Машина въехала в большое селение, в котором Егор был совсем недавно. Вот и госпиталь, который он покинул после лечения, получив направление служить в разведке. Его встретили, как и три недели назад, посты красноармейцев, позиции зенитчиков с наблюдателями, непрерывно смотрящими в бинокли, длинные и петляющие линии траншей с ответвлениями для входов в блиндажи. Кое-где кипела строительная работа – солдаты-саперы обрабатывали бревна и доски. Дымила полевая кухня. Пророкотал проехавший навстречу мотоциклист в кожаном реглане и в больших очках, которые делали его похожим на причудливую рыбу. Наконец показался купол старой церкви, послужившей Егору верным ориентиром.
Машина остановилась, Егор спрыгнул на землю и, вцепившись в обшивку кузова, вместе с шофером стал откидывать борт с той стороны, где лежал раненый Каманин. Из ближайшей избы, в которую еще в феврале вносили только что прибывшего в госпиталь красноармейца Щукина, выбежали санитары с носилками и две медсестры. Старшина, приехавший вместе с Егором, шустро принялся помогать. Не найдя себе места возле них, парень, пересилив себя, помог своему недругу Миронову покинуть кузов машины и передал его медицинской сестре.
Глазами Егор проводил носилки с Каманиным. Как только дверь за ними закрылась, он бегом направился в маленький деревенский домик, где размещалось рабочее место комиссара госпиталя. На пороге его встретил часовой из числа раненых, лечение которых подходило к концу и которых начинали постепенно привлекать к караульной службе и несложным работам по хозяйству.
– Боец, мне к батальонному комиссару! – выкрикнул Егор, наткнувшись на солдата с винтовкой.
– Нет его, – растянуто ответил часовой, крепкий, плечистый молодой парень, возрастом не старше самого Щукина, – на станцию ушел еще утром. Там его ищи.
Разведчик ненадолго задумался.
– Про санитарный поезд говорил. Подать его вот-вот должны для эвакуации тяжелораненых, – закончил солдат.
Егор благодарно моргнул ему и обернулся на раздавшийся вдали звук паровозного гудка. Неожиданно ему на глаза попалась темноволосая девушка, та самая медицинская сестра по имени Катюша, которой он так и не оказал знаков внимания, пока был пациентом этого госпиталя. Она выходила из дома, неся в руках какую-то медицинскую утварь.
– Катя! – крикнул ей Егор. – Катюша! Подожди меня.
Он побежал к ней и, улыбаясь во весь рот, остановился напротив, одернув рукой пилотку на голове.
– Здравствуй! – уже тише сказал он, когда девушка оказалось прямо возле него.
– Ой, Егор! Ты как тут?
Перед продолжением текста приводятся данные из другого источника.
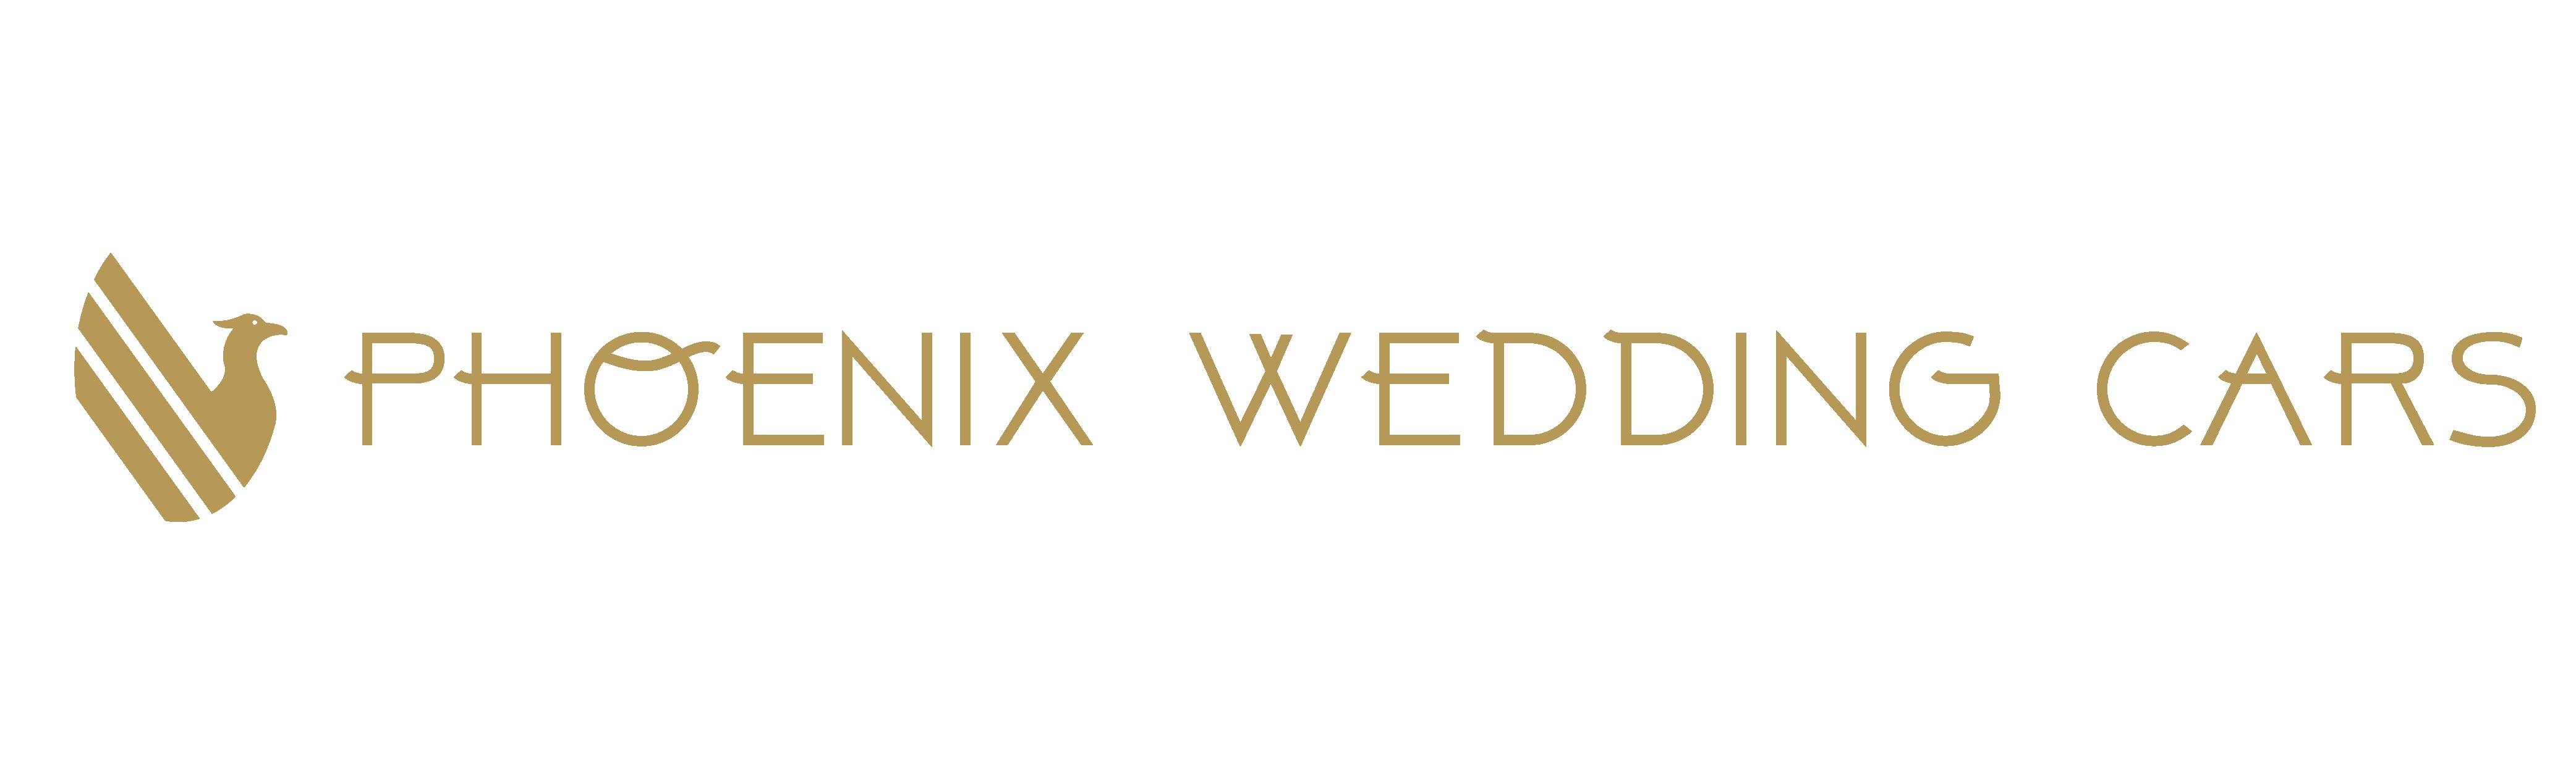 Phoenix Wedding Cars

Опять ранен? – радостно заулыбалась узнавшая его медицинская сестра и одарила парня тусклым блеском глаз, уставших от бессонницы.
– Нет, товарища привез. Он ранен. – Разведчик впервые смотрел на нее так, как она ожидала от него когда-то: пронзительно, глубоко, с радостью встречи.
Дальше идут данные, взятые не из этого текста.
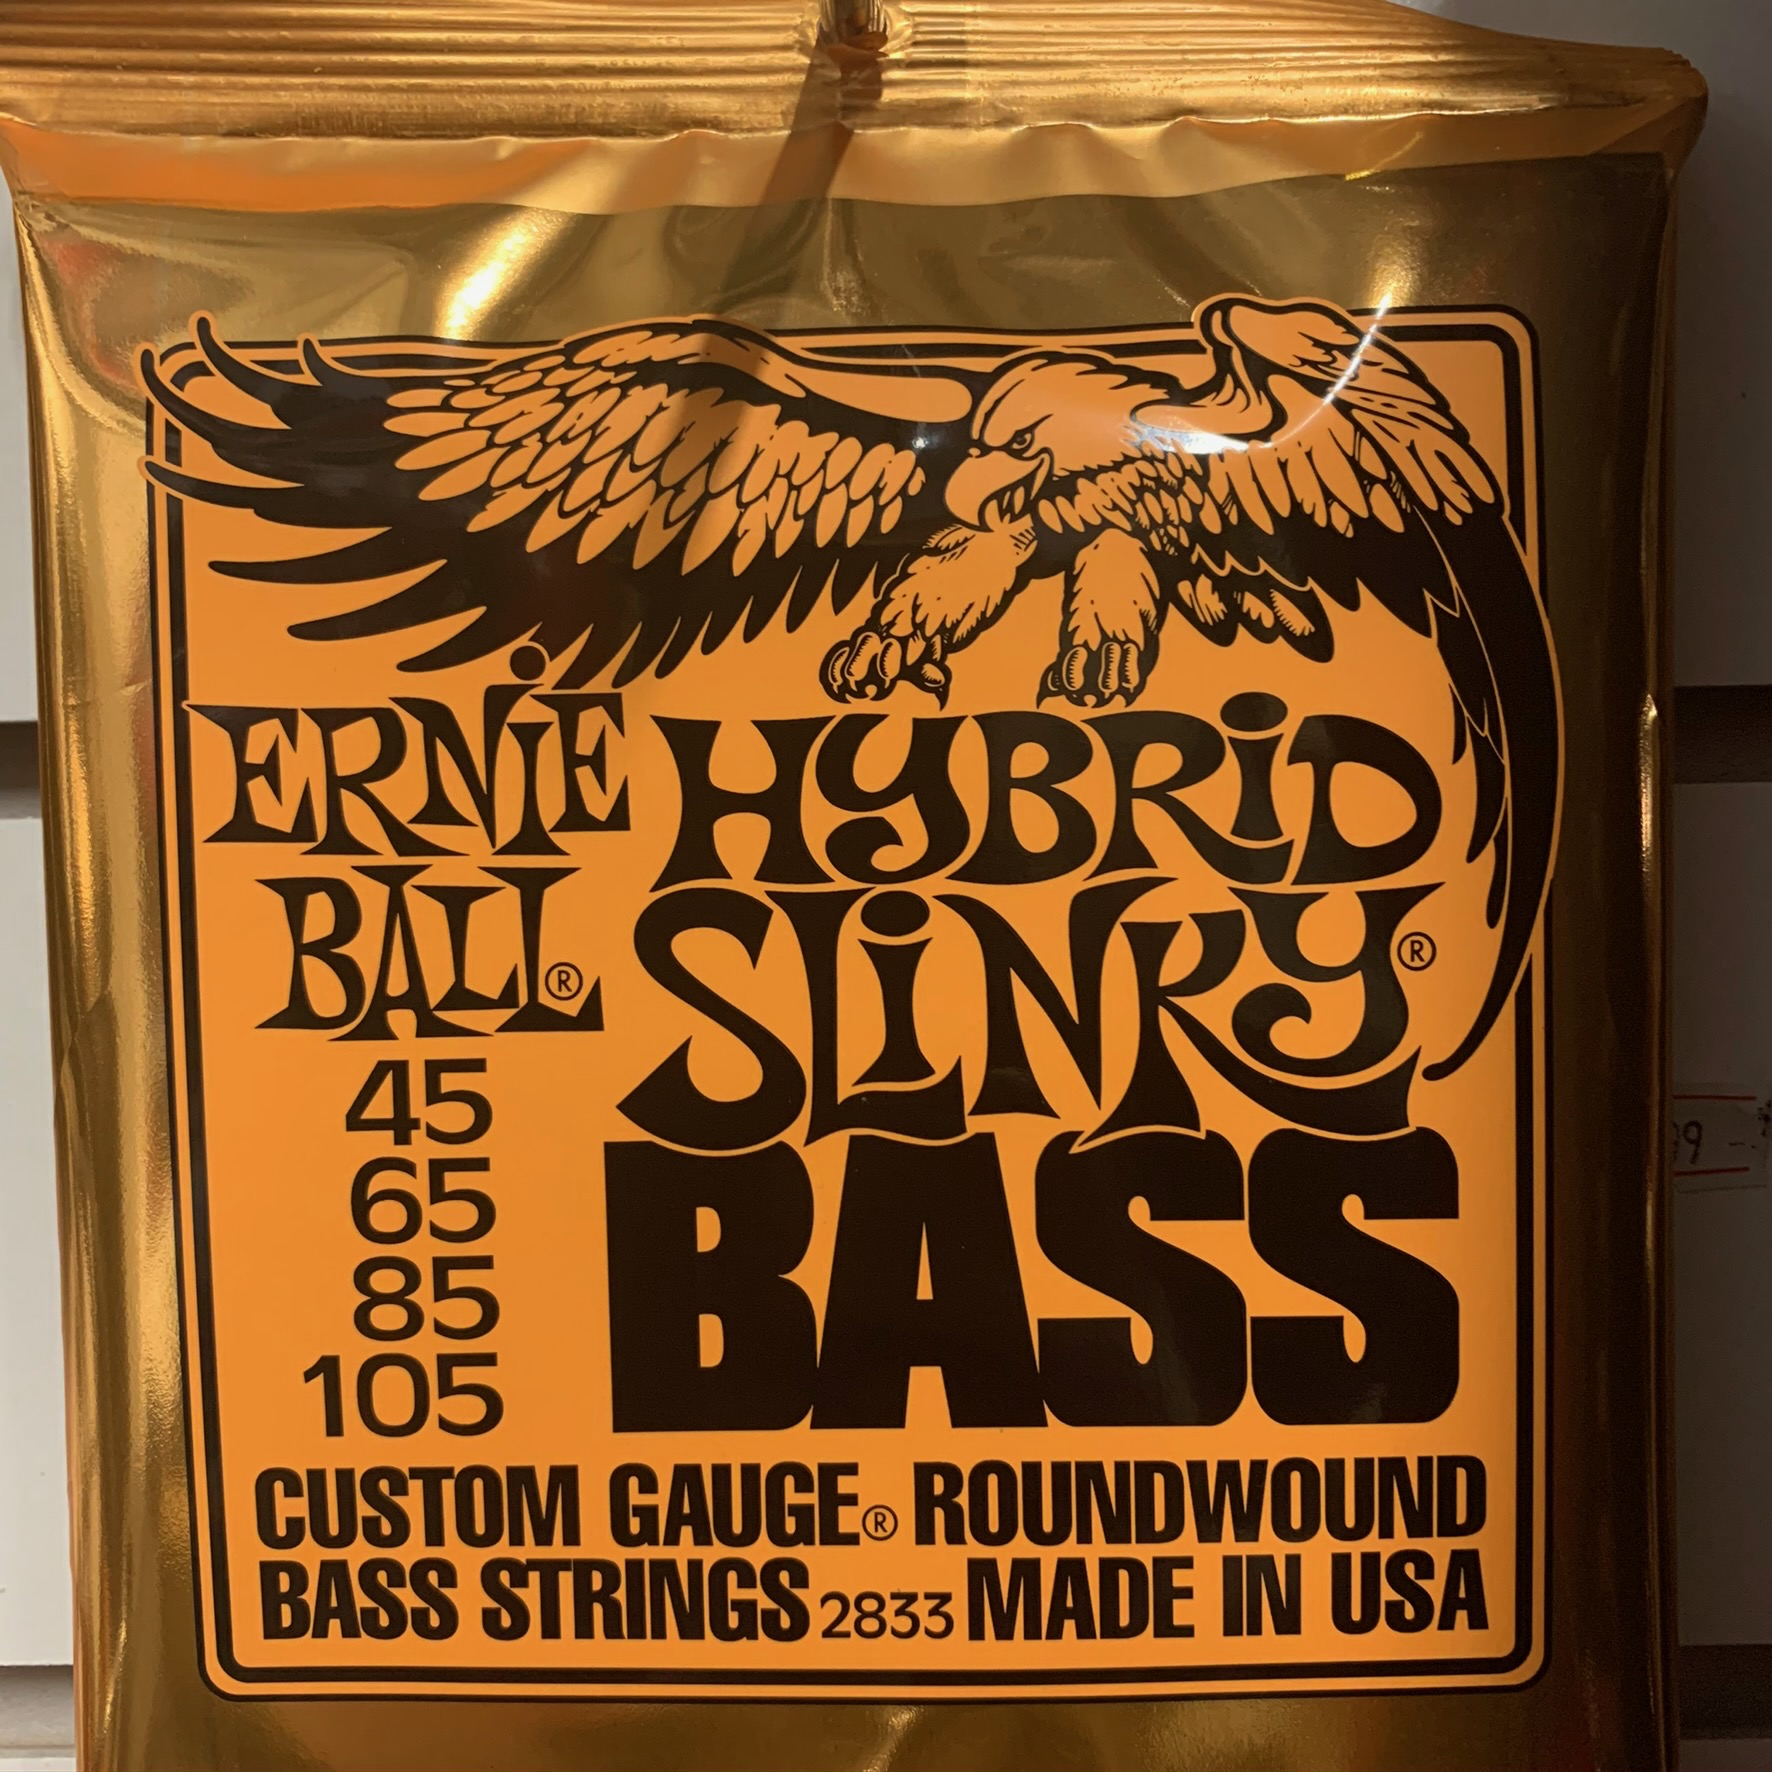 EB HYBRID SLINKY BASS 45 - 105

Катюша, все еще ничего не понимая, молча стояла перед ним, немного шатаясь от недосыпа и изматывающей работы. Наконец она переборола себя и проговорила, заливаясь легким румянцем:
– Очень рада тебя видеть, Егор!
Немного придя в себя, она поправила свободной рукой выбившуюся прядь волос и окинула гостя внимательным взглядом.
– Сразу видно, что ты с передовой – чумазый весь, закопченный, землянкой от тебя пахнет, подворотничок давно менять пора. Баня-то у вас там есть?
– Да есть, конечно! Приезжай! Истопим специально к твоему прибытию! – Егор продолжал смотреть на нее с широкой улыбкой, искренне радуясь встрече и наслаждаясь возможностью короткого общения в простой, далекой от войны обстановке.
Она хихикнула в ответ и провела рукой по его щеке.
– Небритый давно, – снова ласково произнесла она. – А нога как? Не болит?
– С ногой все нормально. – Улыбка исчезла с его лица. – Ты лучше скажи, к кому мне обратиться, чтобы моего товарища поскорее лечить начали. Он у нас герой! Благодаря ему «языка» добыли! А сам он лишь через сутки, раненый, приполз. Для него сам комполка машину выделил и санитара. Да еще и меня командировали сюда. Помоги, Катя.
Егор немного замялся, понимая, что он, как простой красноармеец, мало чем сможет помочь боевому другу, и никто из госпитального начальства к нему прислушиваться не станет. А единственная надежда – комиссар – отсутствовал и неизвестно, когда должен был появиться.
– «Красавица» где? – спросил он девушку. – У нее рука легкая. Я это по себе помню. Может, к ней подойти?
– Да не волнуйся ты, Егор! – ответила ему Катюша. – У нас сейчас тут хирург хороший, новый, из Москвы. Недавно к нам прибыл. Как раз ее сменил. А «красавицу» какой-то полковник увез. Говорили, что муж ее это был и с собой в Москву забрал. А нового врача вместо нее назначил. Он опытный. Так что не волнуйся за товарища. А ночью нам санитарный поезд подадут. Всех тяжелых в тыл отправим. И друга твоего тоже.
Она продолжала говорить, словно устала от молчания и встретила старого знакомого, которому много чего нужно рассказать. Наконец где-то рядом скрипнула дверь, послышался грубый женский голос, который Егор тоже узнал:
– Катька! Ну где ты там? Иди скорее!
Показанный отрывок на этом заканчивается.